# Surf Fishing Tybee Sept 16 - 23 '17



## weagle (Sep 28, 2017)

I had the chance to stay on Tybee for a week starting on Sept 16th.  The Island had already recovered well from the hurricane surge the week before and 95% of the businesses and restaurants were back in business.  We stayed in a condo right at the pier (Sand Piper) and it we really enjoyed it.

We normally fish from the pier but it had a little damage from the storm and didn't open until the last day we were there.  That was fine though as the fishing from the beach was great.  We never caught a big bull red, but we caught numerous other fish including, Trout, pompano, redfish (some nice slot fish), Black drum, whiting, sharks, stingrays, ladyfish and bluefish.  

We fished the jetties on both ends of the island with fresh shrimp and finger mullet.  The mullet were pretty thick in the surf and it was no problem keeping plenty on hand for bait.


----------



## Bream Pole (Sep 28, 2017)

nice fish  thanks for the post


----------



## Jimmy Lee Armel (Sep 29, 2017)

Dude that's awesome.
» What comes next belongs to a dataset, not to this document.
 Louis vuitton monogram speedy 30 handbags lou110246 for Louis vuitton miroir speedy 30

Well done


----------



## GLS (Sep 29, 2017)

That's fine fishing.  No prettier or tastier fish than pompano.  That's a big pompano.  Were any other pomps caught?


----------



## sea trout (Sep 29, 2017)

Excellent!!!!!!!!!!!!


----------



## weagle (Sep 29, 2017)

GLS said:


> That's fine fishing.  No prettier or tastier fish than pompano.  That's a big pompano.  Were any other pomps caught?
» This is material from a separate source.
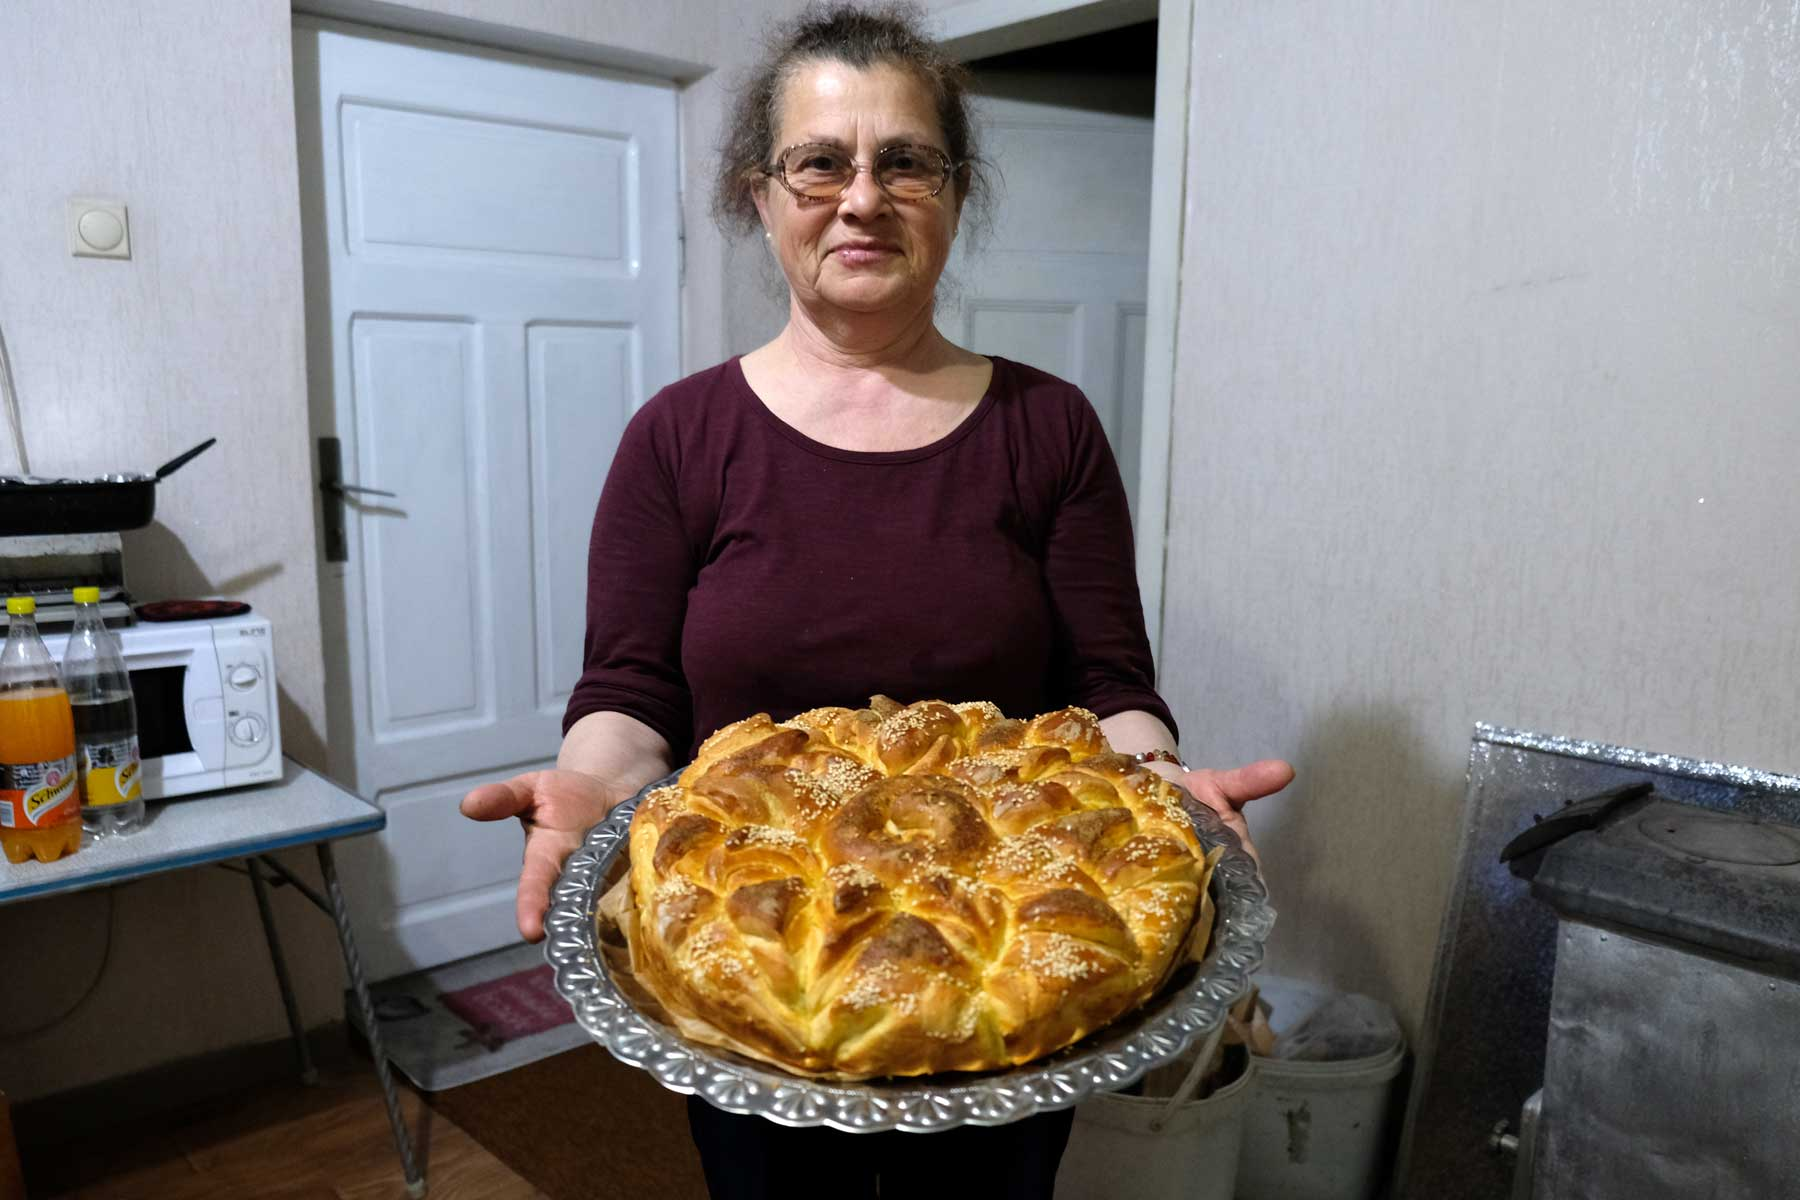 Petranka präsentiert die fertige Pitka

We caught a couple dozen pompano during the week.  Most a little bigger than your hand with a few good ones sprinkled in.  The one in the pic was the biggest.  I caught it on fresh peeled shrimp by the south Jetties.


----------



## GLS (Oct 1, 2017)

Thanks for the pompano report.  It's been years since I last caught pompano at Tybee.  There was a brief run of a couple of weeks in both the spring and fall where they were caught off the pier using live shrimp or shrimp tipped pompano jigs.  Gil


----------



## Killinstuff (Oct 3, 2017)

Nice!  And I like your old Zebco Cardinal spinning reel.  Haven't seen one of those in 25 years I bet.  Yours looks great.


----------



## Fatback1 (Oct 4, 2017)

Well done fellows. That's some pretty nice fish from the surf, very cool and thanks for sharing.


----------



## weagle (Oct 5, 2017)

Killinstuff said:


> Nice!  And I like your old Zebco Cardinal spinning reel.  Haven't seen one of those in 25 years I bet.  Yours looks great.



When I was 14 years old in 1976, I spent some of my summer's grass cutting money ($79 was a fortune) to buy a Zebco Cardinal 3.  I've been fishing with Cardinals ever since.  There was a time when it was tough to find bail springs to keep them running, but then Ebay came along.  I've caught 30 pound Stripers, bull reds, Sharks, King Mackerel and battled a 6 foot tarpon for an hour with that Saltwater Cardinal 7.


----------